This document describes how to use the scripts and utilities in this directory to download labelled play-by-play clips from stats.nba.com
These tools have been tested on OS X. They probably work on Linux and Unix-like layers on Windows (WSL, Cygwin).
The following steps worked well as of September 2018, but may need some tweaks if the NBA website changes dramatically in the future.
We'll be using Python 3, Node.js, and some built-in Unix utilities.

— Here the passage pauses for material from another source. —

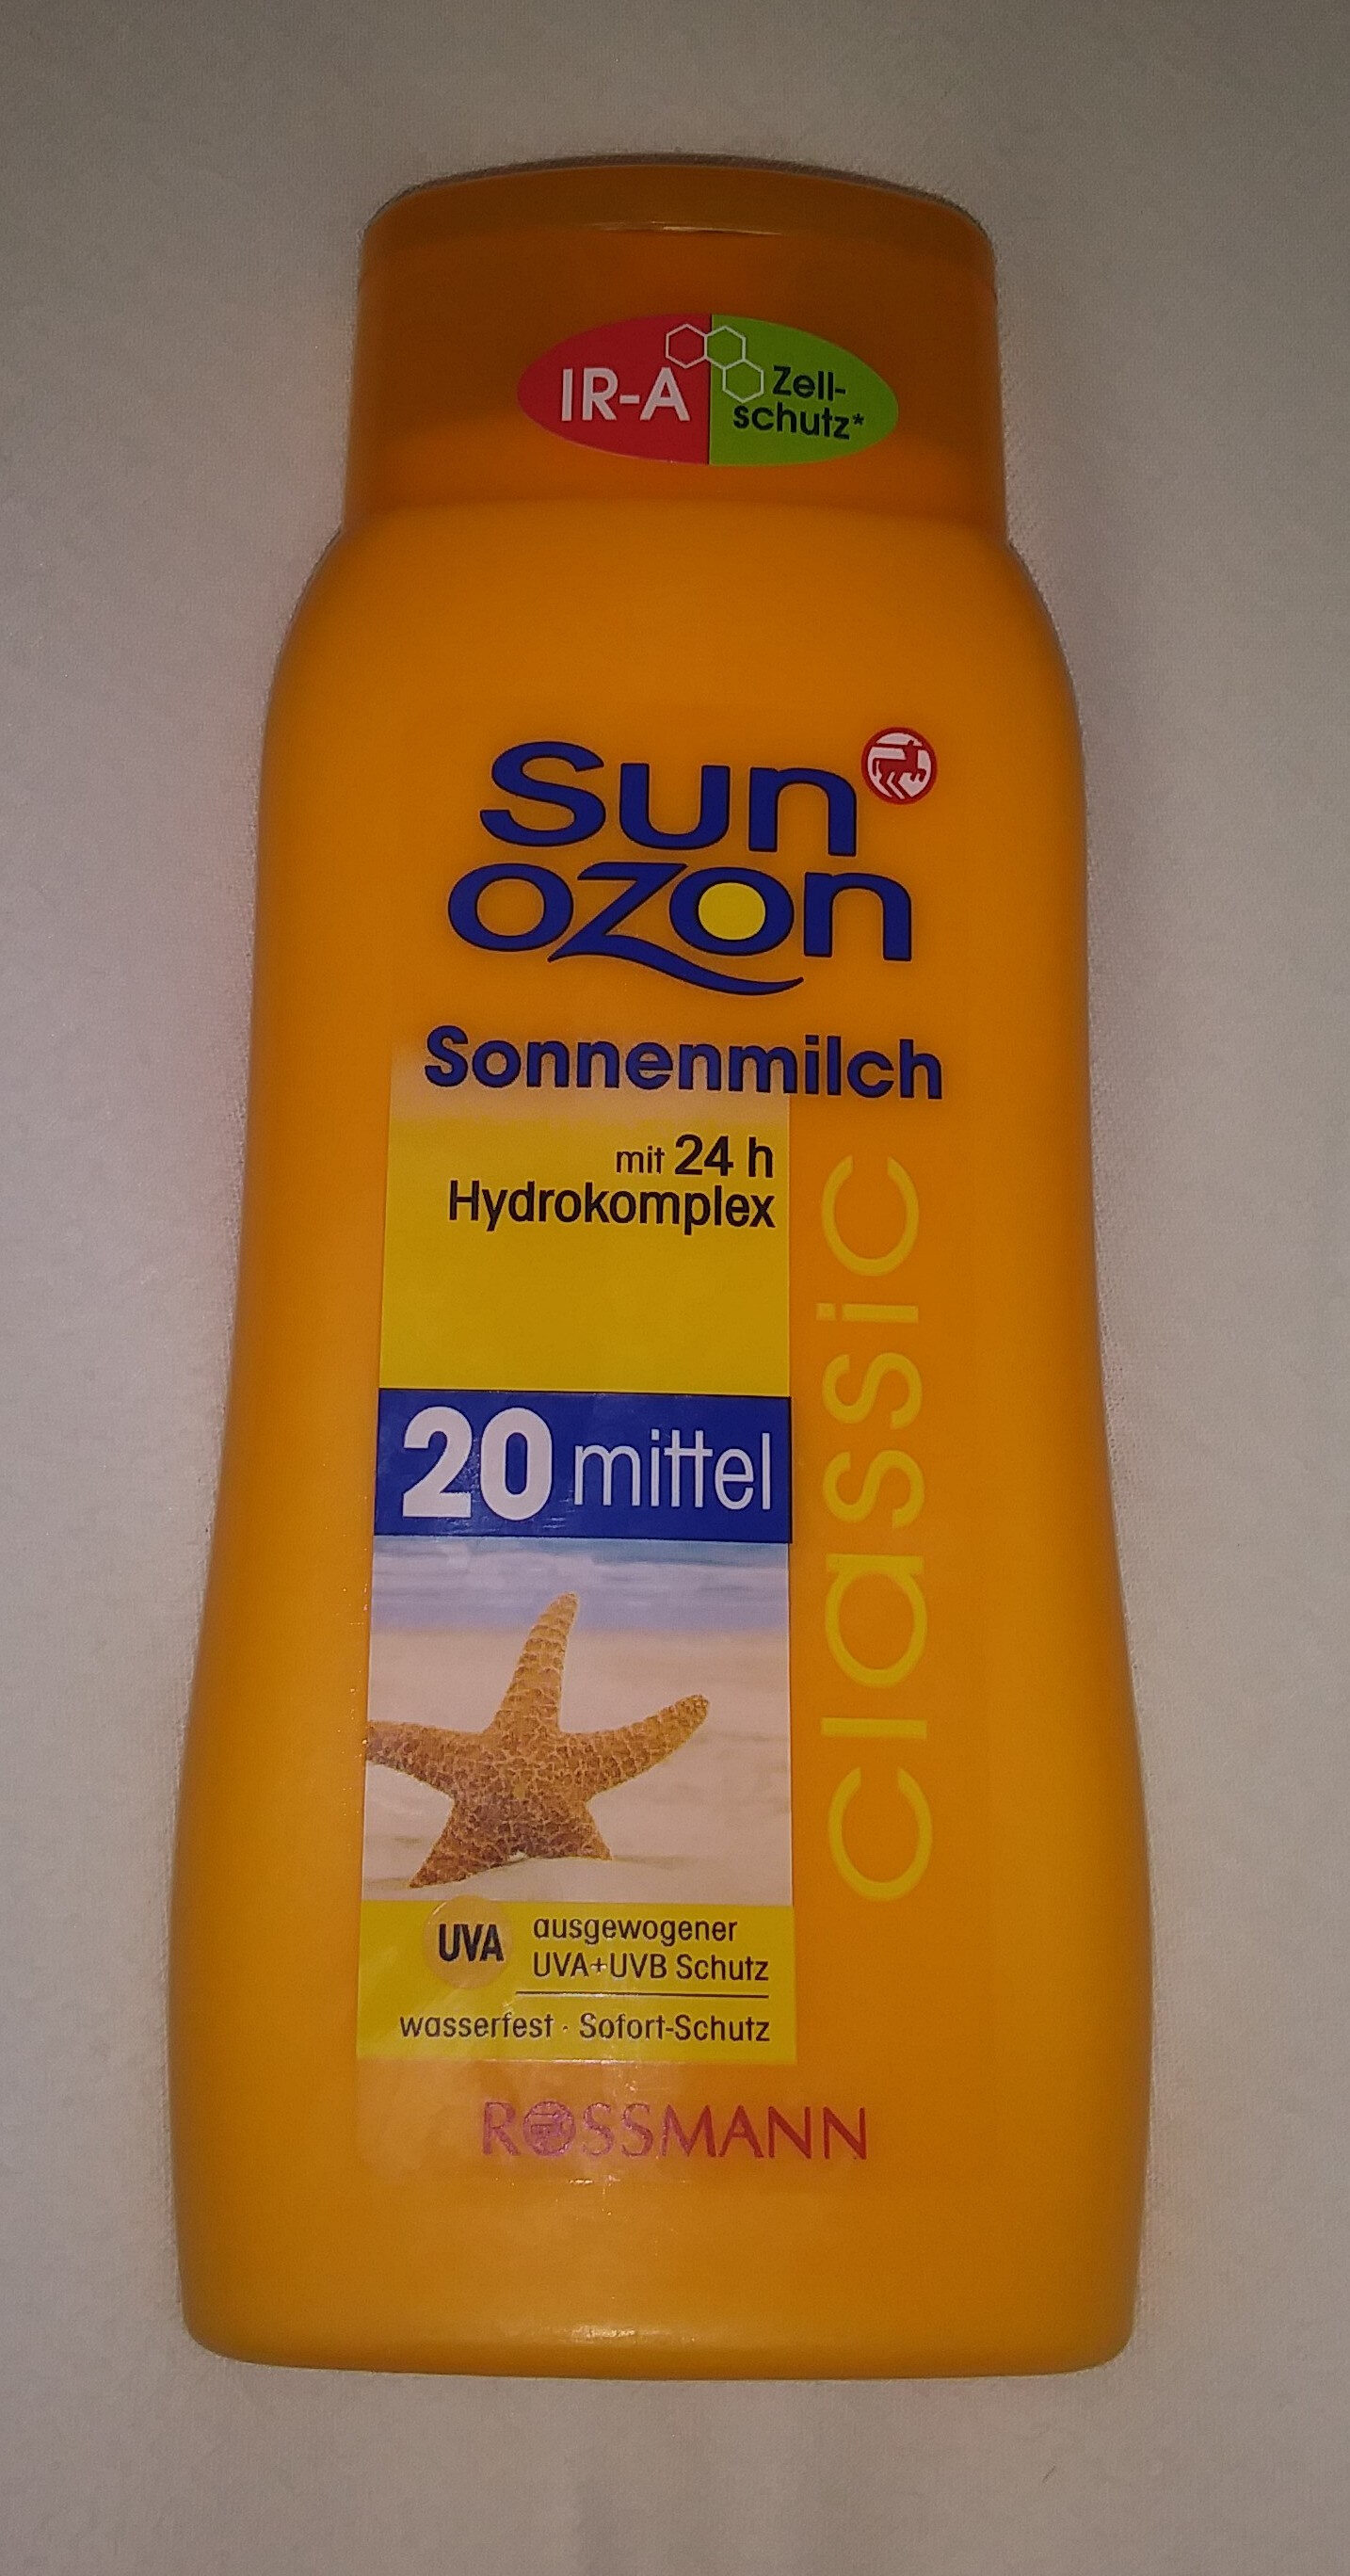 Sonnenmilch 20 mittel - Product - de

You'll also need to download ChromeDriver for your specific platform.
The easiest way I found to do this for all games is to go to the schedule page NBA website, scroll down
until the screen has scores for as many (finished) games as you want, right-click and Save page as <file name>.htm
.
If you look at the HTML file, you'll notice that completed games have an associated tag with a link to the game's play-by-play or box-score page - usually something like
... href="/game/0011800012/playbyplay/ ... "
. The number in that link is the game ID - we'll use grep to extract all the ids on the page into a file called game_ids:
grep -oh "game\/[0-9]*\/playbyplay\/" games_2017_18.htm | tr -d 'game/playbyplay' > game_ids
mkdir plays
node get_game_events.js
This script iterates through the games in the game_ids
file, and creates a file for each game in the plays
directory we just created.
Each of these files will consist of plays in the following format:
Play 1 description (ex - Curry three point shot ...)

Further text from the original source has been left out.